→ **Exercise details**
No picture belongs in the copy. Repeat each line below exactly.

→ **Data segment**
┄┄┄┄┄┄┄┄┄┄
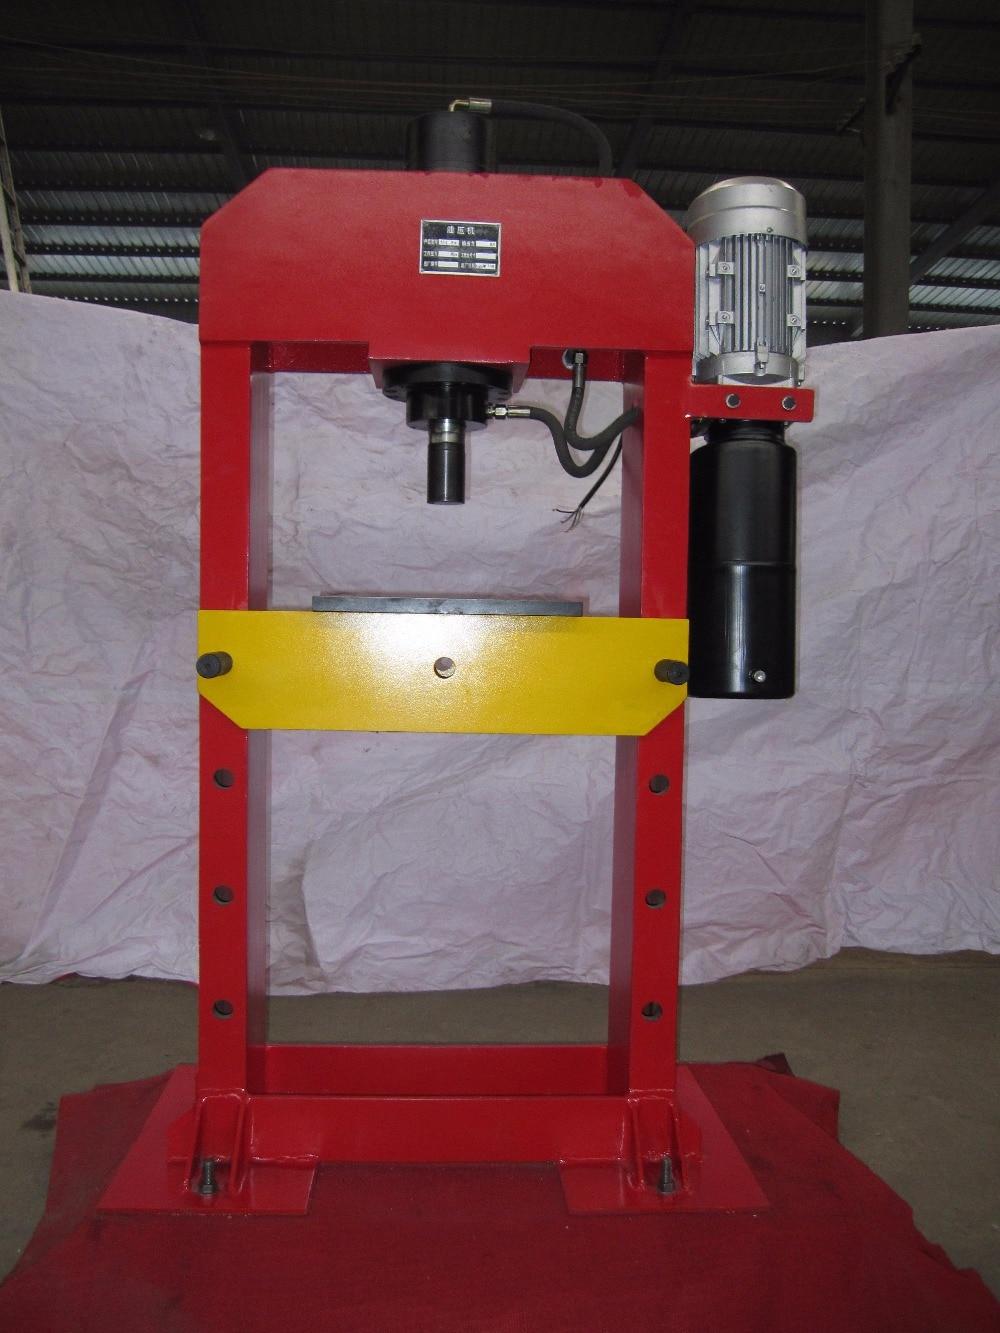 YJL 20 electric hydraulic press machine shop machinery tools
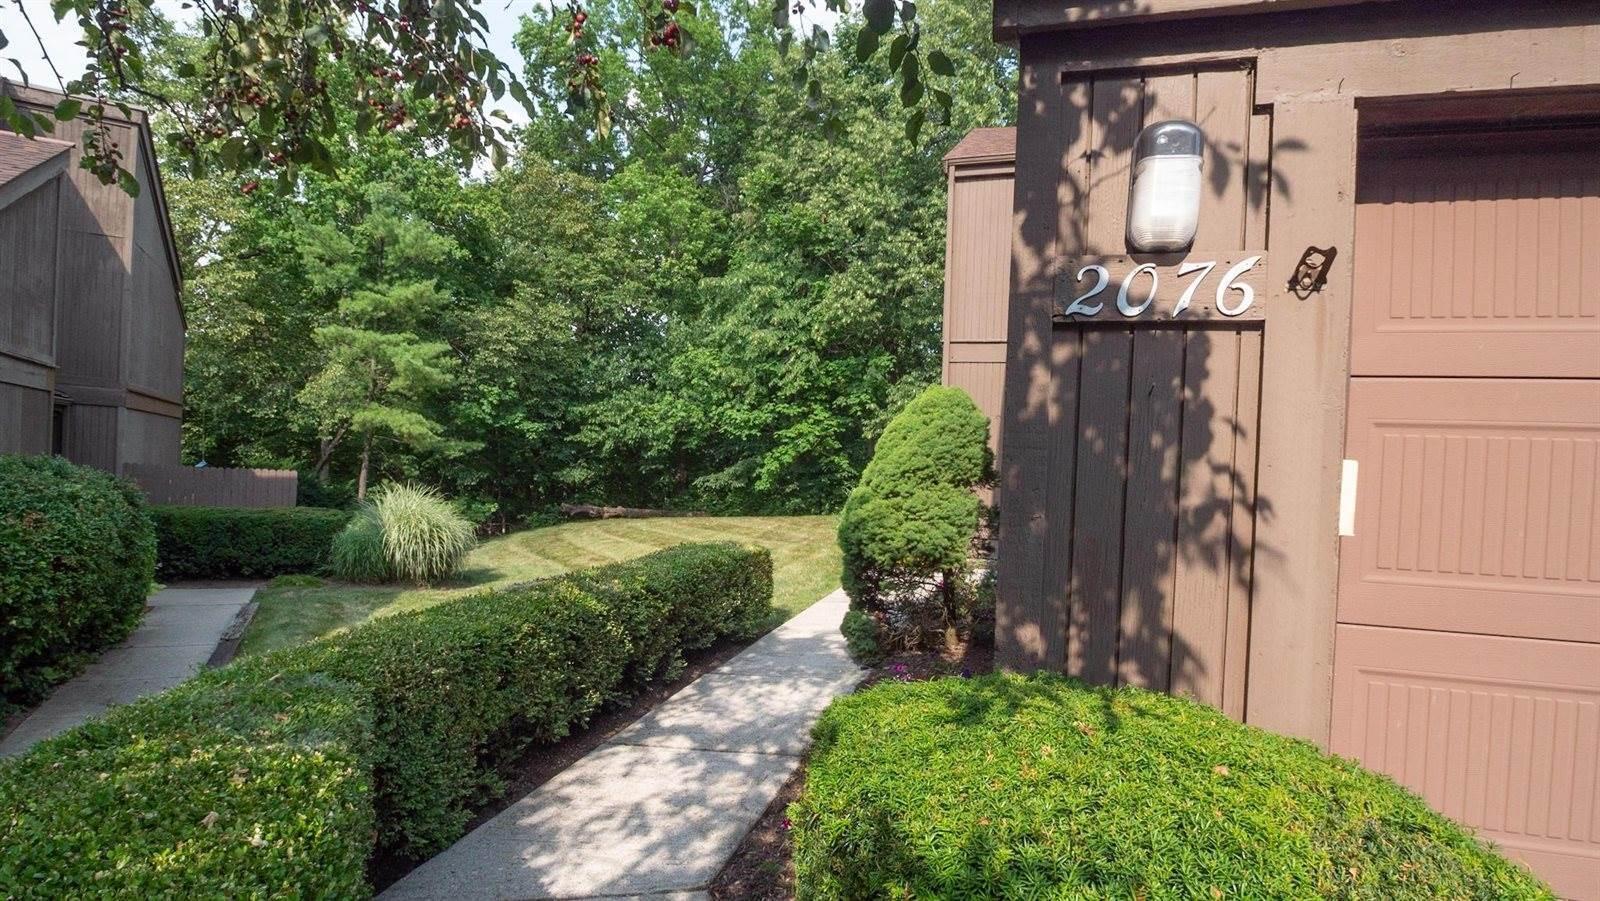 2076 Willowick Circle, #A, Columbus, OH 43229
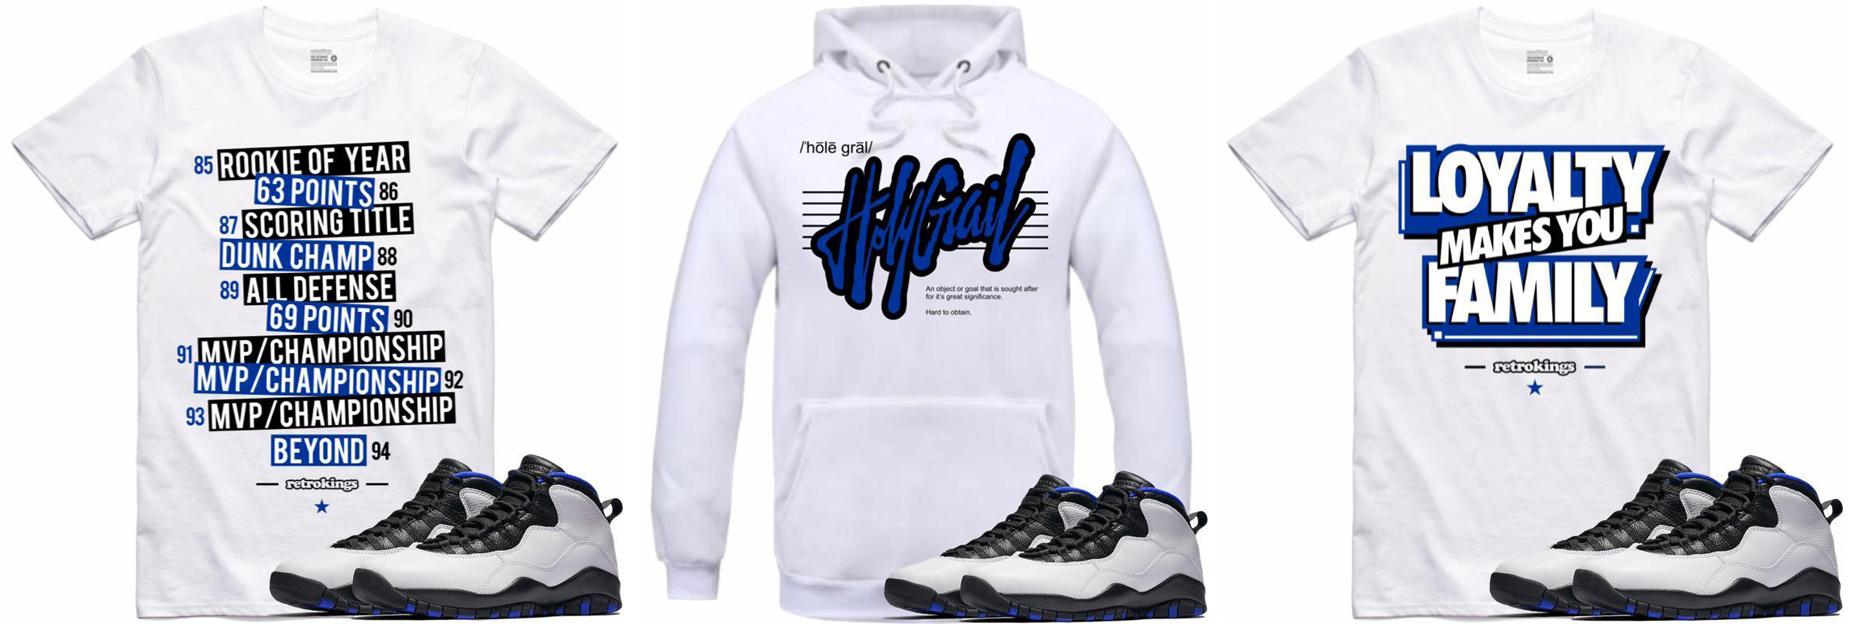 jordan-10-orlando-sneaker-shirts-hoodies
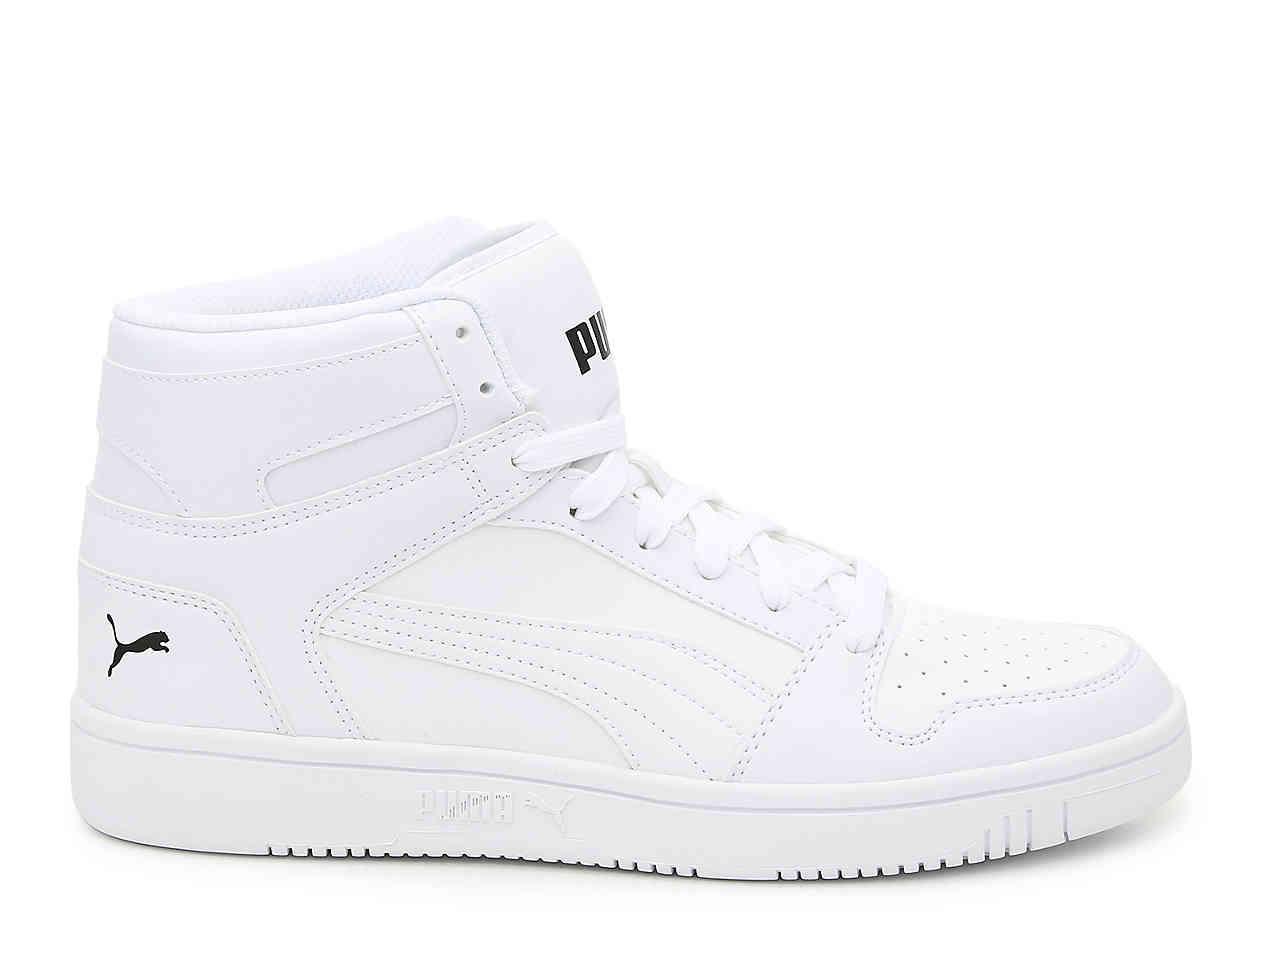 PUMA Rebound Layup Sl High-top Sneaker
┄┄┄┄┄┄┄┄┄┄
→ **Written reply**
 YJL 20 electric hydraulic press machine shop machinery tools
 2076 Willowick Circle, #A, Columbus, OH 43229
 jordan-10-orlando-sneaker-shirts-hoodies
 PUMA Rebound Layup Sl High-top Sneaker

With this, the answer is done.